Most of the media’s attention has been focused on police violence when discussing race in recent months, with Republicans being forced to stay as silent as possible on the issue. But in their silence, they are launching a stealth attack on African Americans in the form of class warfare.
Nearly every Republican candidate has made it clear that they support cuts to welfare programs for needy families, but this talking point has more to do with race-baiting than it does with cutting government spending. This technique was perfected in the 1980’s by Ronald Reagan and his use of the so-called Welfare Queen, and the attack continues to this very day.
And if there’s one candidate that has mastered the art of the underhanded race attack, it’s Jeb Bush.

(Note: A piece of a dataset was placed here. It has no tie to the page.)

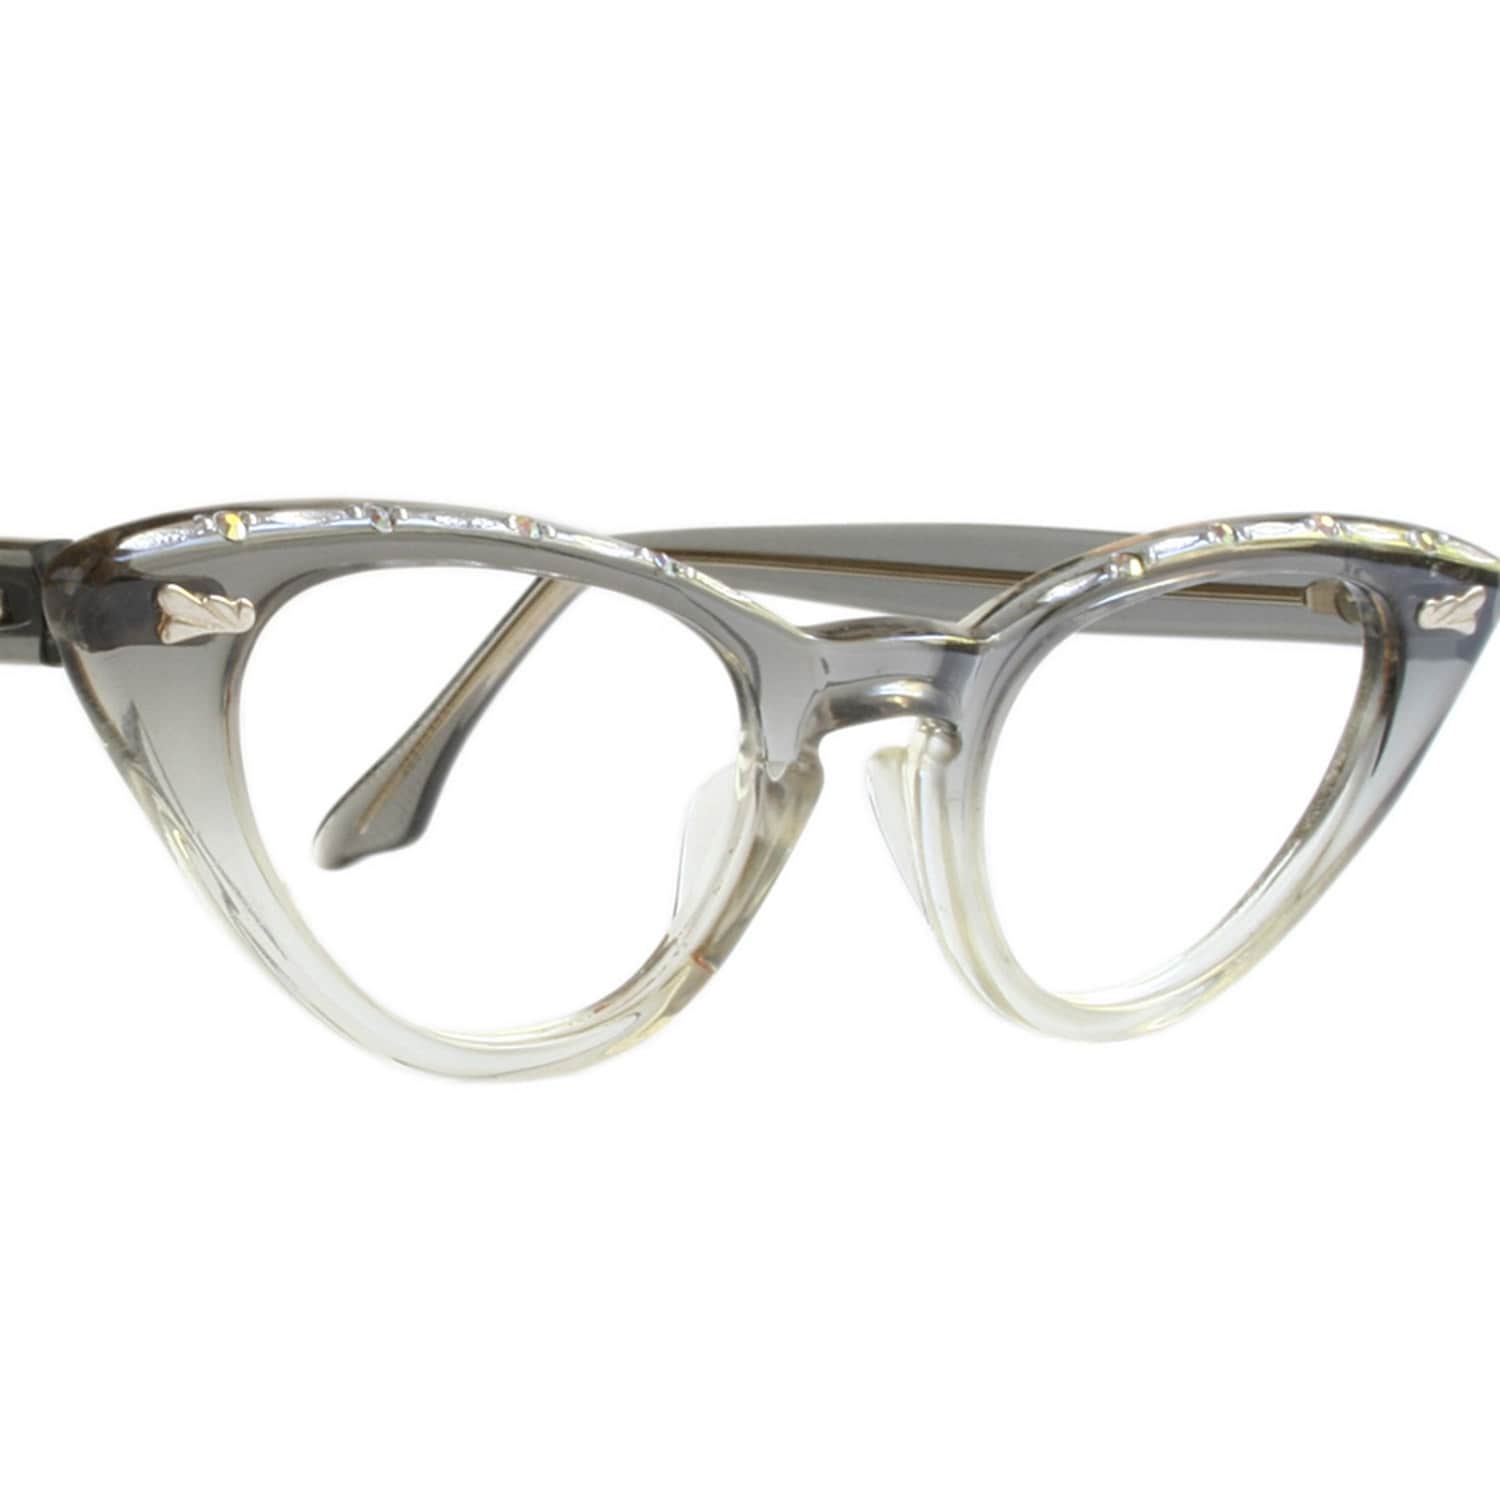 Small Cat Eye Glasses Vintage Glasses Frames Cat Eye

Let’s start in the year 2000, when Jeb Bush, then-Governor of Florida, managed to get 12,000 mostly-minority voters purged from the voting rolls in his state. He did this by wrongly identifying these eligible voters as convicted felons. As Ari Berman pointed out in Rolling Stone, Bush attempted to use this same technique in 2004 to give his brother Florida’s electoral votes, but public outcry prevented a second purge of minority voters.
A few years later, Bush set his sights on younger minority citizens, specifically third graders. The state of Florida had been faced with a problem in their test scores for fourth grade students – they were falling significantly below an acceptable level for the state. Rather than investing in textbooks or tutors or more teachers, Bush decided that the easiest thing to do would be to keep minority students out of the fourth grade. He did this by forcing thousands of minority third grade students to repeat that grade, preventing them from “dragging down” the fourth graders’ test scores.
During his initial campaign for governor of Florida, Jeb traveled from country club to country club, speaking to all-white crowds about the problem of welfare fraud, even suggesting, according to the website On The Issues, that he would consider taking children away from parents on welfare because they were too lazy to find a job.
Jeb Bush toyed around with the idea of taking children away from parents that HE believed were too lazy. And make no mistake, when Republicans attack social welfare programs, they are using it as a disguise to attack minorities.
There is nothing “new” about Jeb Bush’s Republican Party, in spite of what those new campaign ads want us to believe. Bush represents the anti-worker, anti-minority, anti-women wing of the anti-everything Republican Party, and the evidence of this is readily available to anyone who takes the time look for it.